A cold northerly wind, a good covering of snow and the whole of the north and east of Britain grinds to a halt.
Spare a thought, however, for the people of Canada and the USA in the north east of North America. The ‘Big Freeze’ of 1998 was on quite a different scale to the sort of cold weather we usually experience.
In the January of 1998 the worst ice storm in living memory hit the densely populated provinces of Eastern Canada and the states of North East USA. Temperatures in Winnipeg fell to -36 degrees Celsius, and...
...even in New York, which is way south of Britain, the thermometer registered -15.
Strong winds from the Arctic brought snowstorms to the east of the USA. 60 mile an hour winds and heavy snowfalls produced snowdrifts up to 15 feet deep, blocking roads, closing airports and other transport services, and causing over 100 deaths.
Further north in Canada the effects were even worse. Rain and supercooled droplets ( rain droplets at a temperature below 0 degrees Celsius) fell on frigid surfaces.
Freezing instantly the water produced layers of ice up to 50 mm thick on electric cables; the system collapsed…...
… ..leaving over 3 million people with no electricity by the 9 th. of January.
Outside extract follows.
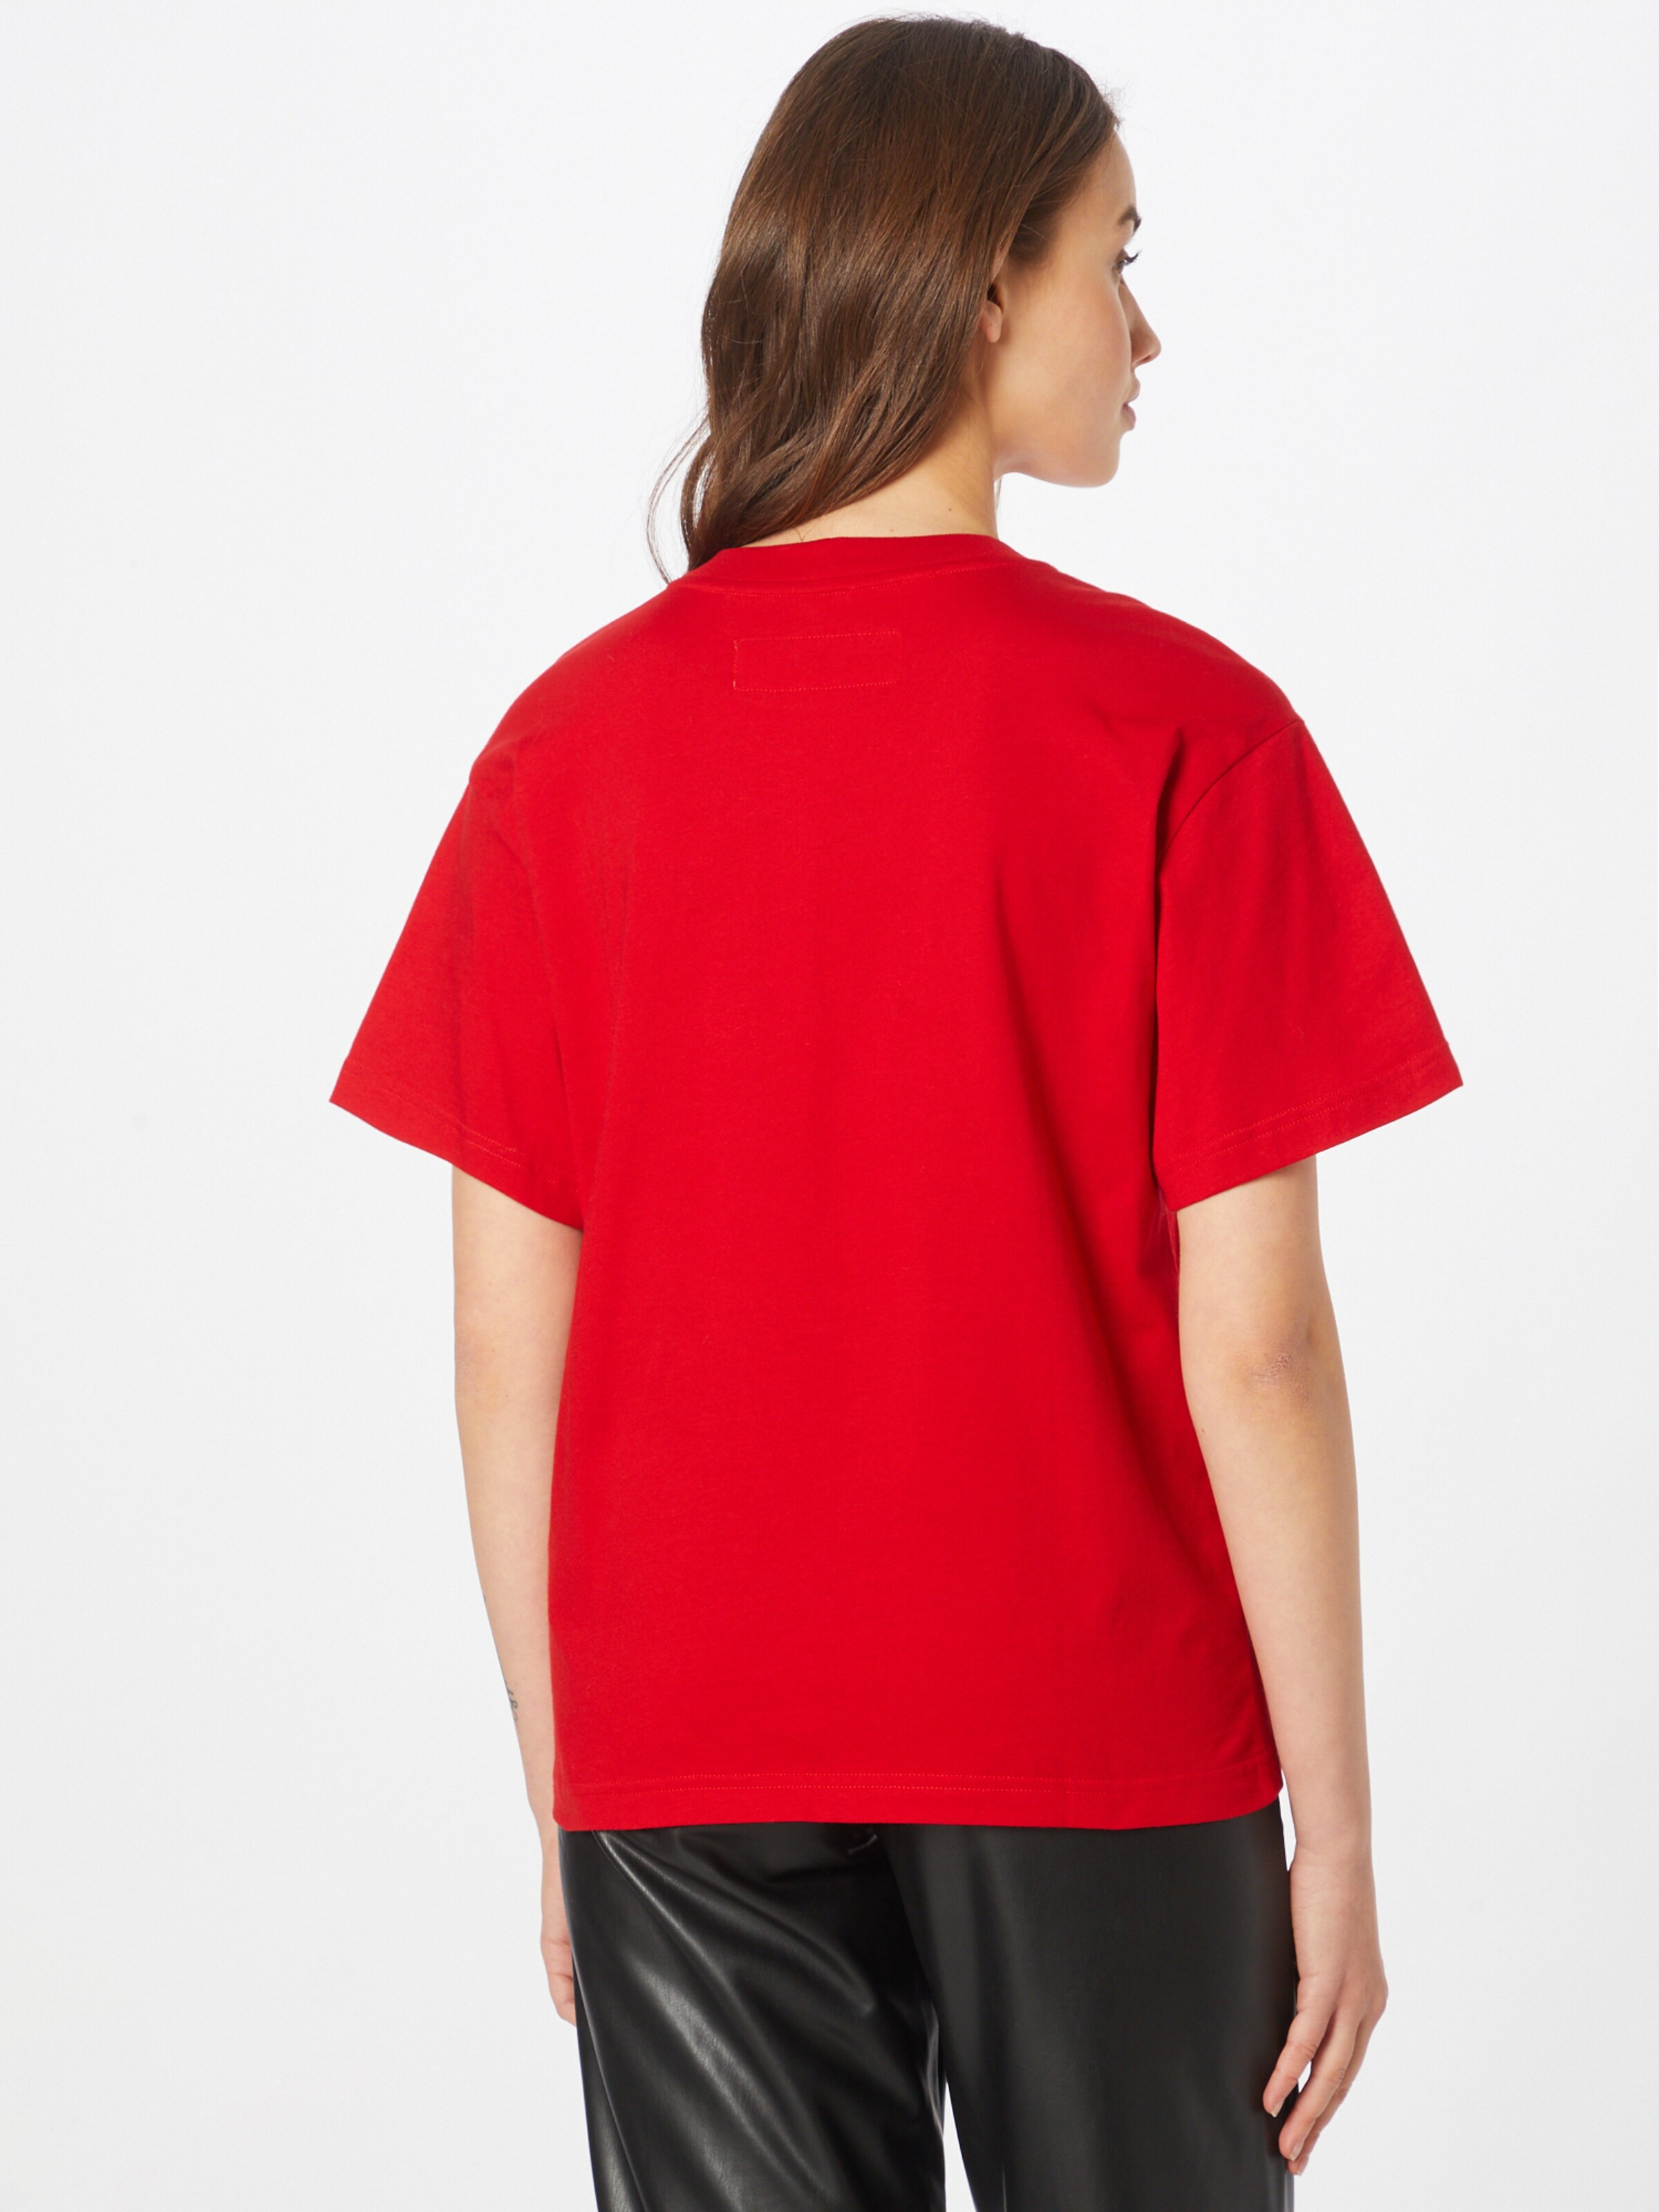 Frauen Shirts & Tops UNITED COLORS OF BENETTON Shirt in Rot - IY92119

In this country we would call it ‘rime’ on exposed structures. On frozen surfaces like roads, supercooled droplets may be deposited in a clear layer of ice; black ice, invisible to the naked eye, but deadly to drivers!
In North America millions of children suffered several ‘snow days’ when they were unable to travel to school. Children and Teachers rejoiced!
Polar bears at Philadelphia Zoo were kept inside during the Big Freeze, when their pool froze!! Zoo keepers said they might use the ice covered surfaces to jump over the surrounding fences.